Well he has been telling me that I have to drink lots of water because of this medicine I am taking. Hydration is really important to me getting better. I do know this, but when I get in my zone at work I just get too busy to care.
So today he kept texting me and texting me to go get a glass of water. I kept ignoring it because I was on call after call- meeting after meeting. Water was the last thing I really cared about. So he texted me : 25! And said that he need to see a picture of my water or it would keep growing. My plan : pretend you don’t see the text and get out of the entire thing. So he calls. I hit ignore. I am in a call- it’s true. So another text rolls around – it’s higher.

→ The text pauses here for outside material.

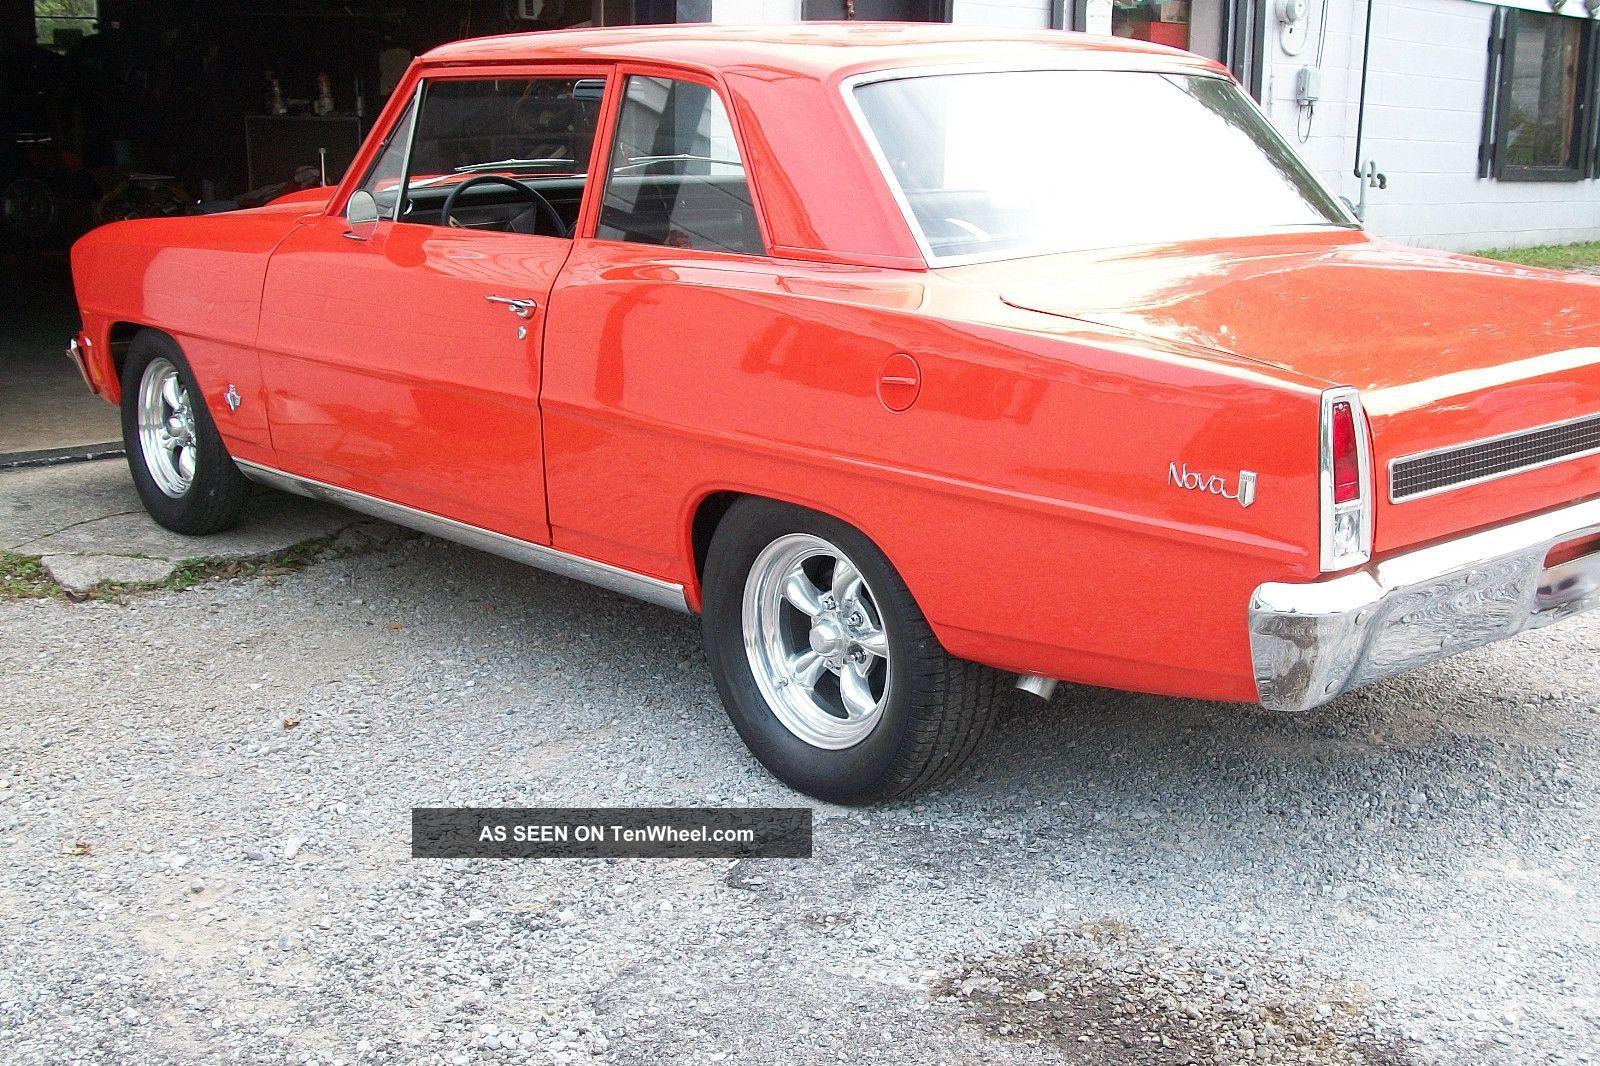 1967 Chevy Ii Nova 2 Dr Street Fast Car - Quick Hugger Orange Nova photo

If I don’t send a picture in some designated timeframe it goes to 175. Well I am super busy. So I do go get my water filled. Thank goodness.
I go back to my desk and wow- meetings, calls, everything! Then I see him walk into my office. Crap! I didn’t hit send on the picture. He sees my water cup full and the camera open on my app so he accepts it. But I know I am in trouble for no communication and making him come there to make sure I am ok. So tonight when I get home- late from work I got 75.
It could be worse. Lol.
So I have been out of town all week, today is my first day back in town and I was told that I need a reminder that we are focusing on the rules. So this reminder comes in the form of a spanking with the strop and the stupid red stick and typing them and sending them to him.
He said that I forget I am owned and think I own myself at times. He said I was going to not leave the room until my bottom was bruised, luckily he came to his senses and he didn’t follow through on that one. I think he was just trying to scare me on that one. Good thing too- because it worked.
Going to get Chinese food sitting on a sore ass. Yep, I said it. He just reviewed each rule with me over his knee so I “knew”the rules.
Here is what I happened. Lately we have had a rough patch in life. During this time, we have kinda taken a break from me getting spanked. Well lately he said we were going back to it. He has been telling me lately to follow his rules but I haven’t really been doing it. Earlier today I told him I didn’t think we were really starting that yet. So after I spent longer then he said I could shopping and twice as much money, he decided to review the rules with me with my shorts down and me over his knee. He took out the razor strop and the hard plastic red stick. I think it’s lexan.
So now we are driving to get Chinese food- and I am in what he calls full control for the night. That means I can’t leave his side without permission – not even to go to the bathroom. Dang! Guess he isn’t playing around. Someone got his dom muscles flexed tonight tee hee.